What is the time and space complexity of this algorithm?

Question

What are the time and space complexity of this algorithm?

I calculate the WC time complexity to be as follow:

1. all initiations to be O(1) each

2. for loop to be O(n)because

   • outer for loop to run max of n times,
   • initiations to be cost of 1 each,
   • inner for loop to run max of 17 times, and
   • the if statements and assignments to be cost of 1 each.
   • I calculate O((n+1+1)*(17+1+1+1+1+1+1+1+1+1+1+1+1) then ignoring the constant O(n).

3. time complexity of the second part of the algorithm to be as follow:

   • Initiation of List to be of cost 1
   • for loop to be 17
   • Initiation of Meeting to be of cost 1
   • if statement to be of cost 1
   • initiation of indexOfEndTime to be 1
   • for loop to be 16
   • if statement to be 1
   • assignment to be 1 each
   • O(1+(17+1+1+1+1+1+1)*(16+1+1+1+1)+1) which is just constant value say c.

4. T(n) = Step 1 + Step 2 + Step 3 = O(1+n+c) which means my worst case time complexity is O(n).

Is this correct? Could you please confirm if my every calculation was correct? In this case, the best case time complexity will be O(1)? Does it make sense to consider the average case and if it does how to figure that out?

Lastly, I calculate the best/average/worst space complexity to be O(n).

    public static List<Meeting> mergeRanges(List<Meeting> meetings) {
        byte available = 0;
        byte reservedBlockStart = 1;
        byte reservedBlockMiddle = 2;
        byte reservedBlockEnd = 3;
        byte[] slots = new byte[17];

        for(Meeting meeting : meetings) {
            byte startTime = (byte) meeting.getStartTime();
            byte endTime = (byte) meeting.getEndTime();
            for(byte i = startTime; i <= endTime; i++) {
                if(slots[i] == available) {
                    if(i == startTime) {
                        slots[i] = reservedBlockStart;
                    } else if(i == endTime) {
                        slots[i] = reservedBlockEnd;
                    } else {
                        slots[i] = reservedBlockMiddle;
                    }
                } else if(slots[i] == reservedBlockStart) {
                    if(i != startTime) {
                        slots[i] = reservedBlockMiddle;
                    }
                } else if(slots[i] == reservedBlockEnd) {
                    if(i != endTime) {
                        slots[i] = reservedBlockMiddle;
                    }
                }
            }
        }

        List<Meeting> condRange = new ArrayList<Meeting>();
        for(byte i = 0; i < slots.length; i++) {
            Meeting meet = new Meeting(0,0);
            if(slots[i] == reservedBlockStart) {
                byte indexOfEndTime = i;
                meet.setStartTime(i);
                for(byte j = (byte)(i + 1); j < slots.length; j++) {
                    if(slots[j] == reservedBlockEnd) {
                        meet.setEndTime(j);
                        indexOfEndTime = j;
                        j = (byte)(slots.length - 2);
                    } 
                }
                condRange.add(meet);
                i = (byte)(indexOfEndTime - 1);
            }
        }
        return condRange;
    }

Answer 1

Your worst-case analysis seems to be completely correct; I didn't notice any mistakes in it, and I get the same result.

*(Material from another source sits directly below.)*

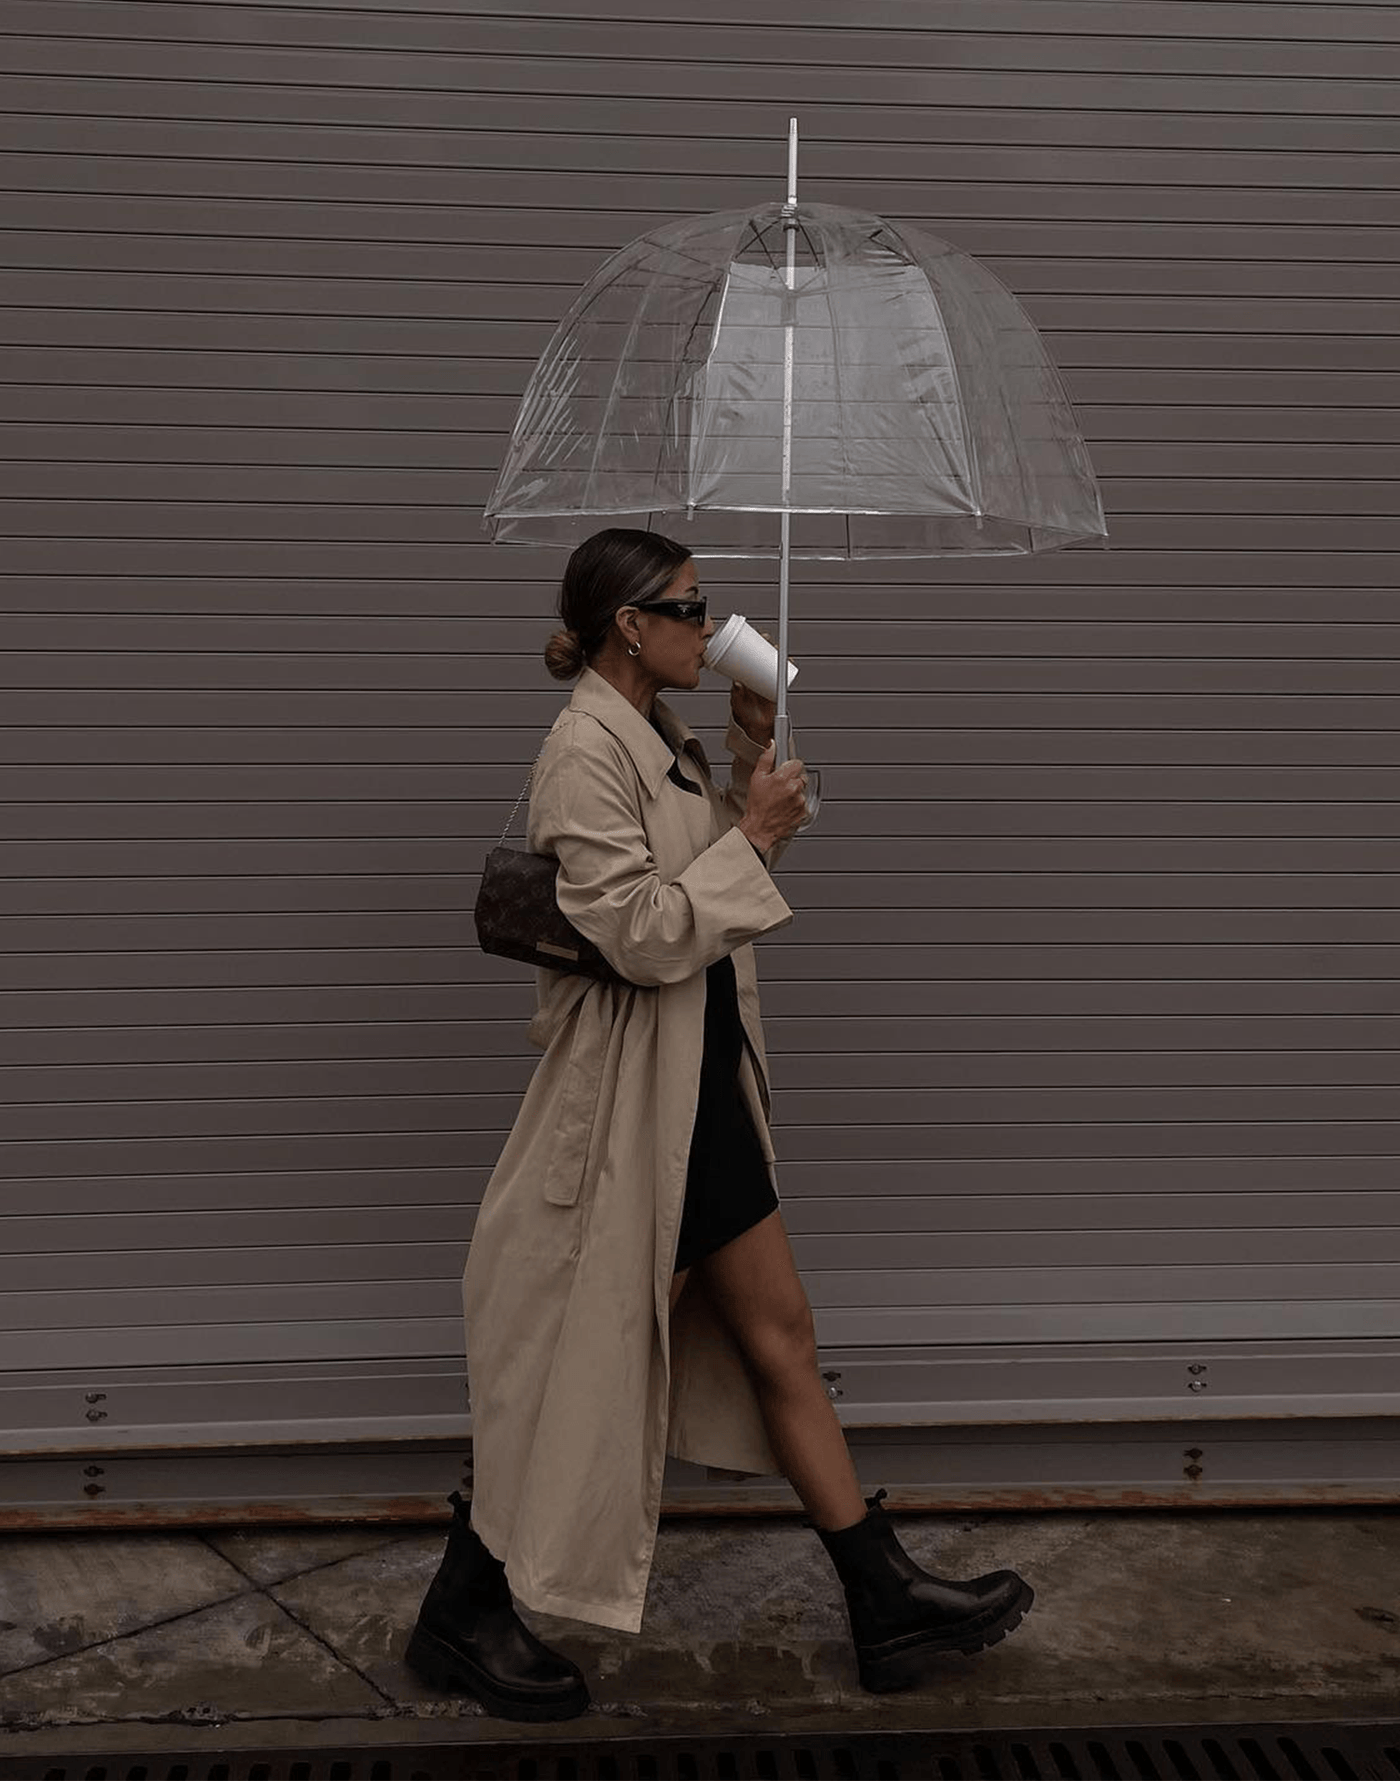 Portrait Trench Coat (Beige) - Long Tie-Up Jacket - Women's Outerwear - Charcoal Clothing

Your best-case analysis is incorrect; you said it takes O(1) time in the best case, but your loop over the meetings list always completes n iterations, so this case also takes O(n) time. You might have made the mistake of assuming that the list length is 1 or even 0 in the best case; that doesn't count as a "case" because you need to consider a family of inputs parameterised by the size n for asymptotic analysis to make sense at all.

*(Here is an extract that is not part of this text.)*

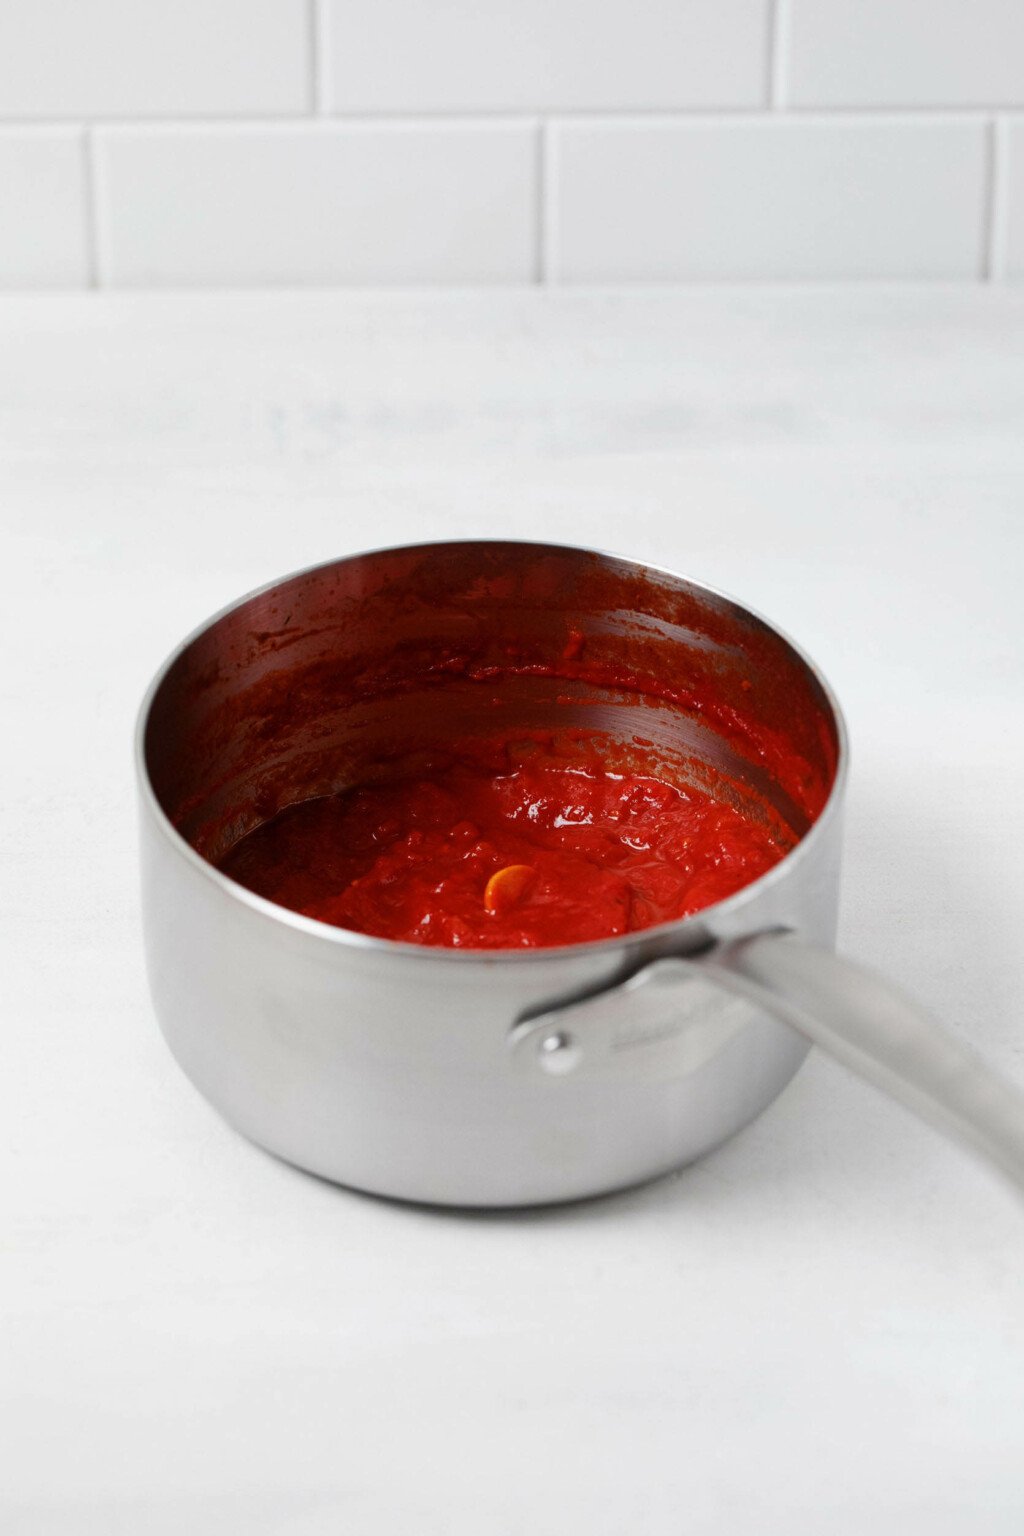 A stainless steel pot is being used to simmer a 20 minute, homemade marinara sauce.

Your space complexity analysis is not correct either. Your algorithm creates two data structures: the slots array has a constant size, and the condRange list also happens to have constant size because it is only appended to from the third loop, which we've established does O(1) operations, so the number of add operations to that list is also O(1). Even if this list did end up with a size of O(n), it is the output to the algorithm so any correct algorithm would have to create a list of that size; normally it's more useful to measure the "auxiliary" space complexity, i.e. the space used by temporary data structures which only exist for the algorithm's internal workings.

There is one assumption which would be useful to state explicitly, which is that the meeting startTime and endTime are always bounded in the range 0 to 16 (inclusive), so that it makes sense to use as an index in slots. By the way, you don't need to invent a name for the constant c, you can just write O(1) there.